1. ✅ Spark Operator deployment status
2. ✅ SparkApplication CRD availability
3. ✅ Submit test SparkApplication
4. ✅ Monitor SparkApplication lifecycle
5. ✅ Retrieve driver and executor logs
6. ✅ Verify MinIO/LakeFS connectivity from Spark
7. ✅ Troubleshoot common issues

## Setup

In [None]:
import json
import subprocess
import time
from datetime import datetime
from typing import Dict, List, Optional

# Configuration
NAMESPACE = "dfp"
CLUSTER_NAME = "dfp-kind"

print(f"Testing Spark Operator in namespace: {NAMESPACE}")
print(f"Kind cluster: {CLUSTER_NAME}")

## Utility Functions

In [None]:
def run_kubectl(args: List[str], check: bool = True) -> subprocess.CompletedProcess:
    """Run kubectl command and return result."""
    cmd = ["kubectl"] + args
    result = subprocess.run(
        cmd,
        capture_output=True,
        text=True,
        check=False,
    )
    if check and result.returncode != 0:
        print(f"❌ Command failed: {' '.join(cmd)}")
        print(f"   stderr: {result.stderr}")
        raise subprocess.CalledProcessError(result.returncode, cmd, result.stdout, result.stderr)
    return result


def print_section(title: str):
    """Print a formatted section header."""
    print("\n" + "=" * 70)
    print(f"  {title}")
    print("=" * 70 + "\n")


def print_json(data: dict):
    """Pretty print JSON data."""
    print(json.dumps(data, indent=2))


print("✓ Utility functions loaded")

## 1. Check Prerequisites

In [None]:
print_section("1. Checking Prerequisites")

# Check kubectl
try:
    result = run_kubectl(["version", "--client", "-o", "json"])
    version_info = json.loads(result.stdout)
    print(f"✓ kubectl version: {version_info['clientVersion']['gitVersion']}")
except Exception as e:
    print(f"❌ kubectl not found or not configured: {e}")
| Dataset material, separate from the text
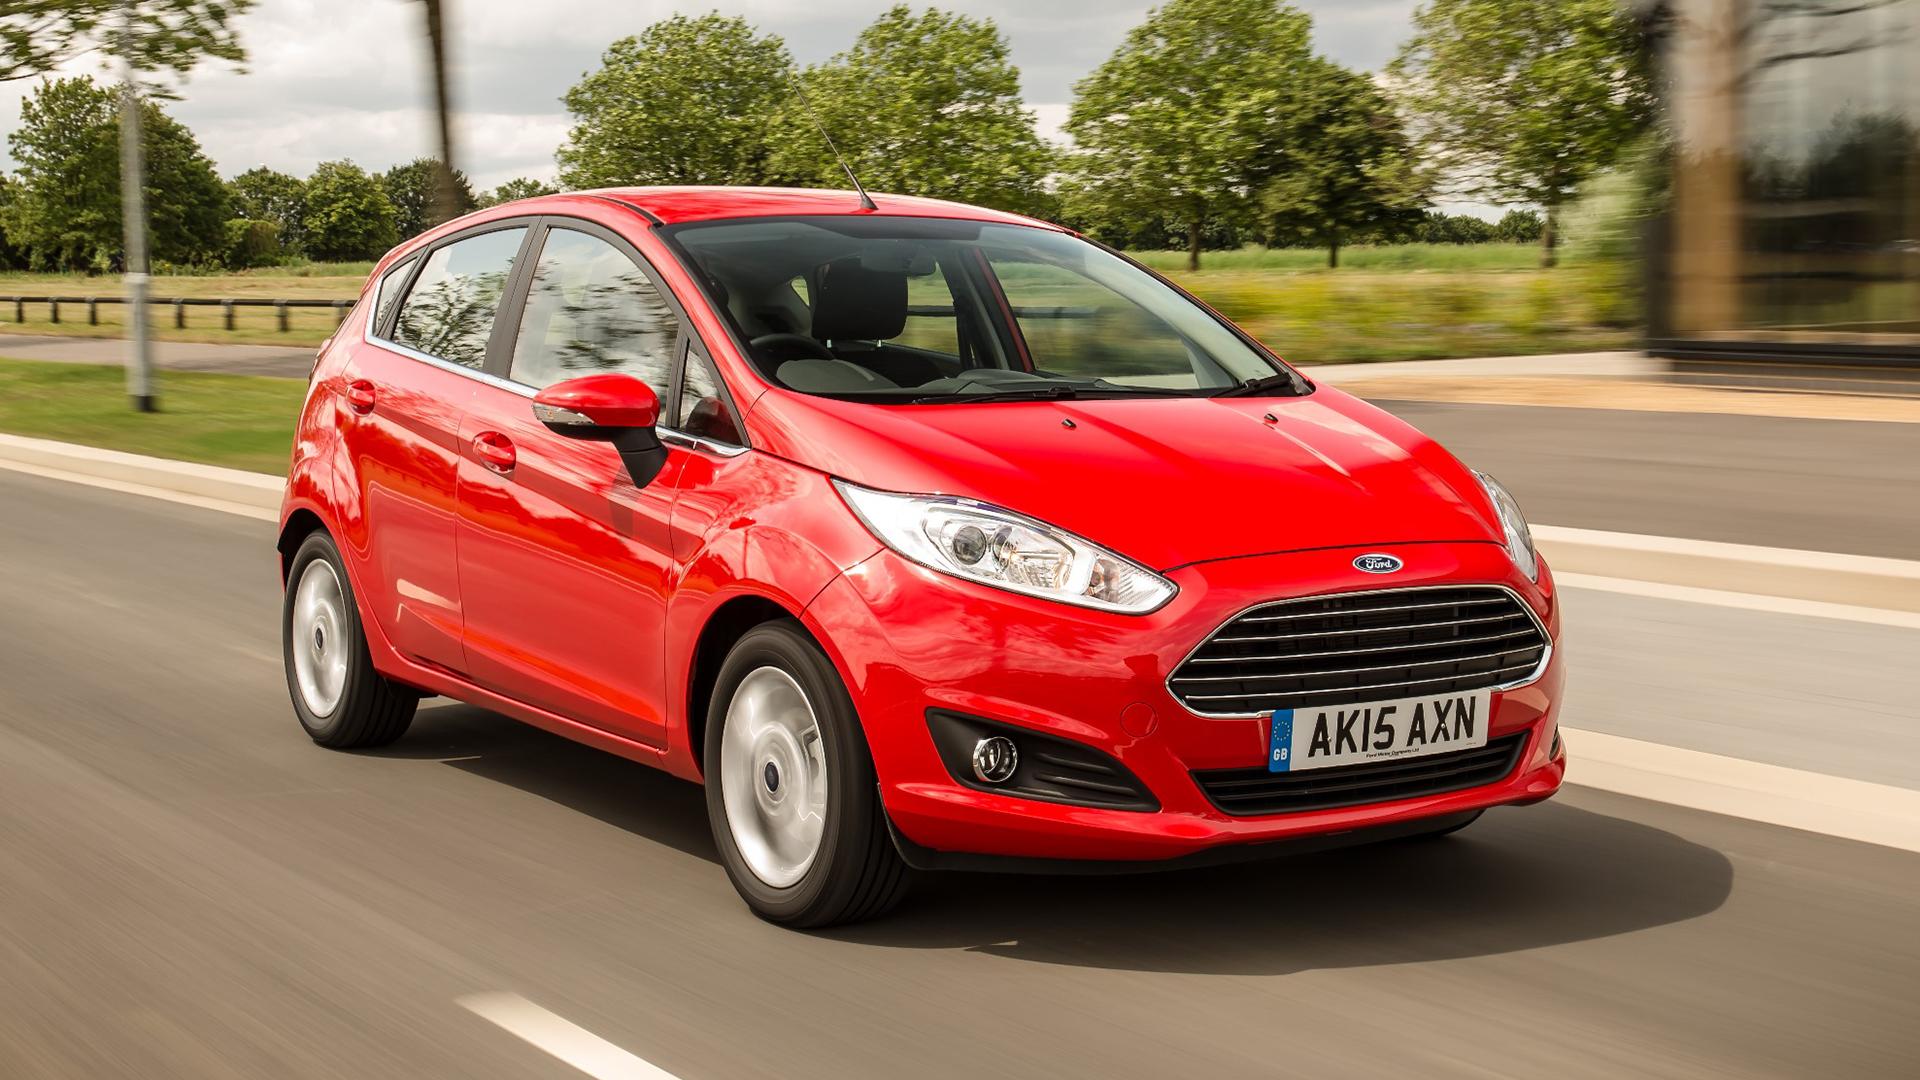 Ford Fiesta & Top 5 best First Cars   Auto Trader UK markmcfarlin.com

# Check cluster connection
try:
    result = run_kubectl(["cluster-info"])
    print(f"\n✓ Cluster connection established")
    print(result.stdout)
except Exception as e:
    print(f"❌ Cannot connect to cluster: {e}")

# Check namespace
try:
    result = run_kubectl(["get", "namespace", NAMESPACE])
    print(f"✓ Namespace '{NAMESPACE}' exists")
except Exception as e:
    print(f"❌ Namespace '{NAMESPACE}' not found: {e}")
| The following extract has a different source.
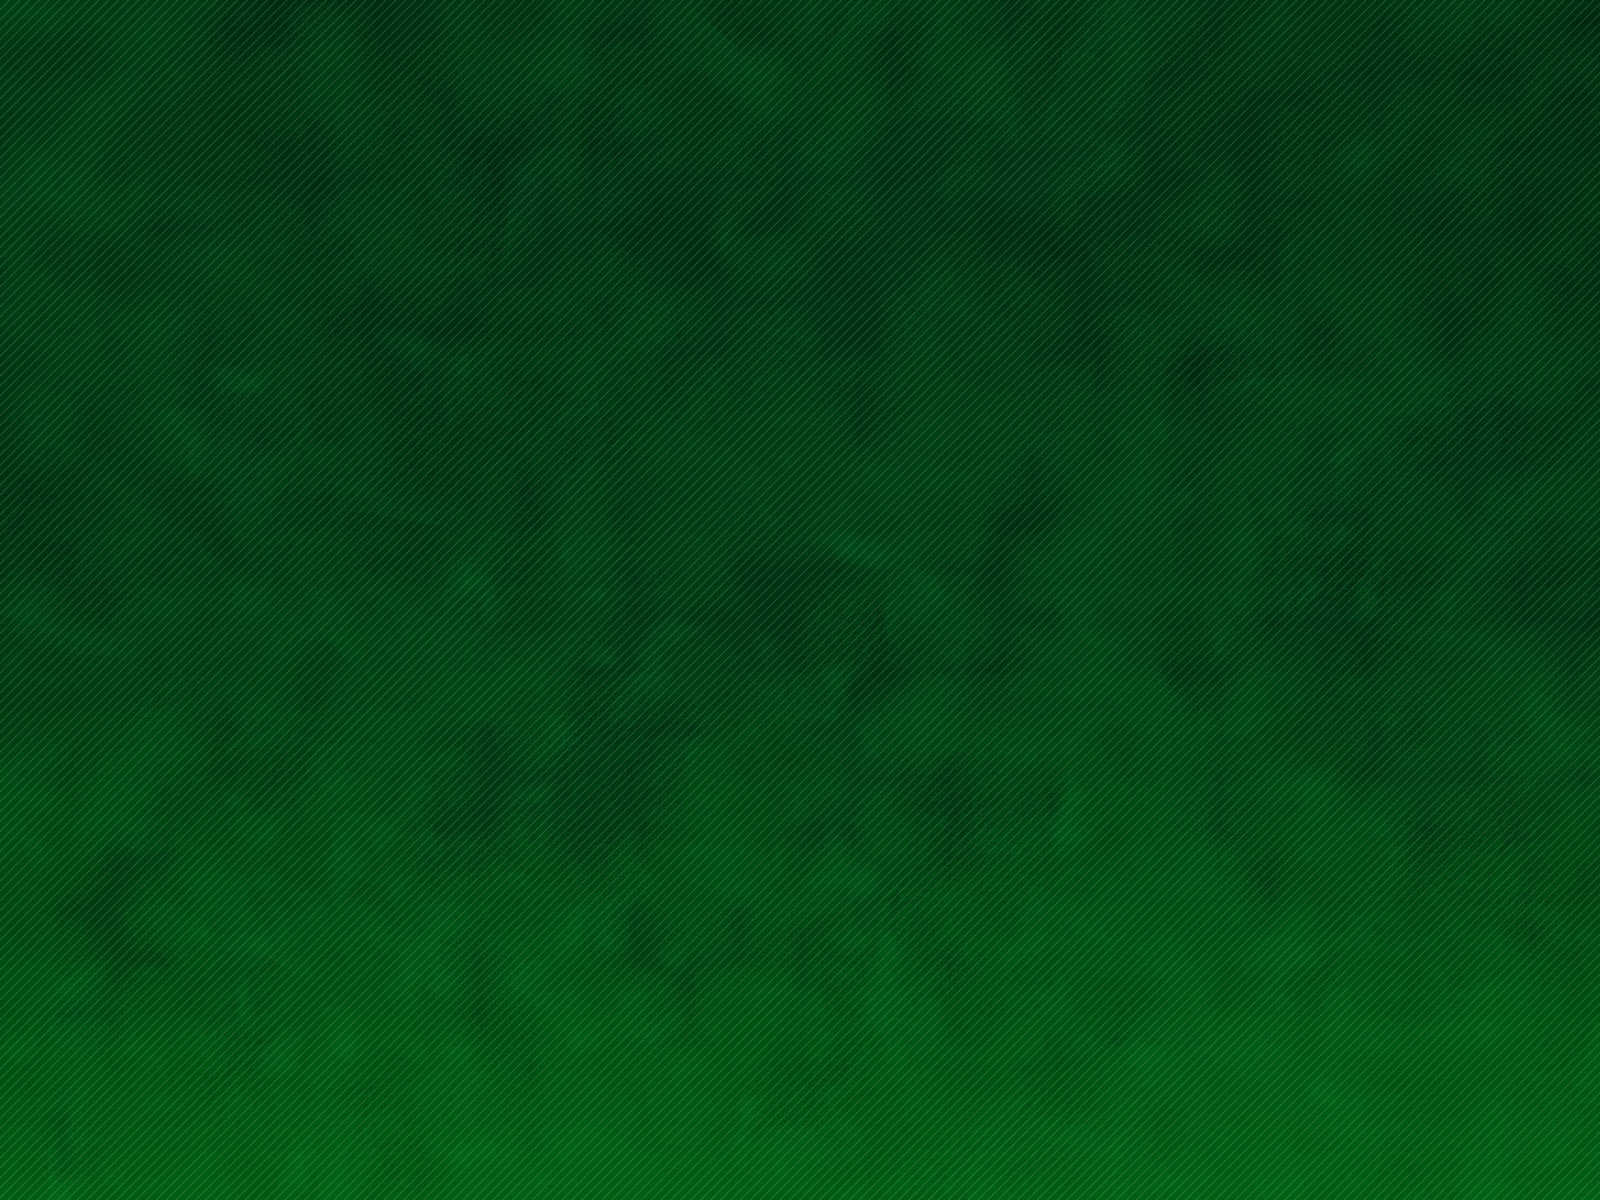 Foton Green wallpapers Foton Green stock photos 1600x1200

## 2. Check Spark Operator Deployment

In [None]:
print_section("2. Spark Operator Deployment Status")

try:
    # Get deployment
    result = run_kubectl(["-n", NAMESPACE, "get", "deployment", "spark-operator", "-o", "json"])
    deployment = json.loads(result.stdout)
    
    # Extract key info
    image = deployment["spec"]["template"]["spec"]["containers"][0]["image"]
    replicas = deployment["spec"]["replicas"]
    available_replicas = deployment["status"].get("availableReplicas", 0)
    ready_replicas = deployment["status"].get("readyReplicas", 0)
    
    print(f"✓ Spark Operator Deployment Found")
    print(f"  Image: {image}")
    print(f"  Desired Replicas: {replicas}")
    print(f"  Ready Replicas: {ready_replicas}")
    print(f"  Available Replicas: {available_replicas}")
    
    if ready_replicas == replicas:
        print(f"\n✅ Spark Operator is READY")
    else:
        print(f"\n⚠️  Spark Operator is NOT READY")
        
    # Get pod status
    result = run_kubectl(["-n", NAMESPACE, "get", "pods", "-l", "app=spark-operator", "-o", "json"])
    pods = json.loads(result.stdout)
    
    print(f"\nPods:")
    for pod in pods["items"]:
        name = pod["metadata"]["name"]
        phase = pod["status"]["phase"]
        print(f"  • {name}: {phase}")
        
except subprocess.CalledProcessError:
    print("❌ Spark Operator deployment not found!")
    print("\nTo install:")
    print("  kubectl apply -k infra/k8s/kind/addons/spark-operator/")
    print("  # or")
    print("  task spark-operator:up")

## 3. Check SparkApplication CRD

In [None]:
print_section("3. SparkApplication Custom Resource Definition")

try:
    # Check CRD exists
    result = run_kubectl(["get", "crd", "sparkapplications.sparkoperator.k8s.io", "-o", "json"])
    crd = json.loads(result.stdout)
    
    print(f"✓ SparkApplication CRD Found")
    print(f"  Name: {crd['metadata']['name']}")
    print(f"  Group: {crd['spec']['group']}")
    print(f"  Scope: {crd['spec']['scope']}")
    
    print(f"\n  Versions:")
    for version in crd["spec"]["versions"]:
        served = "✓" if version["served"] else "✗"
        storage = "(storage)" if version["storage"] else ""
        print(f"    {served} {version['name']} {storage}")
        
    print(f"\n✅ SparkApplication CRD is available")
    
except subprocess.CalledProcessError:
    print("❌ SparkApplication CRD not found!")
    print("\nThe CRD should be installed with the Spark Operator.")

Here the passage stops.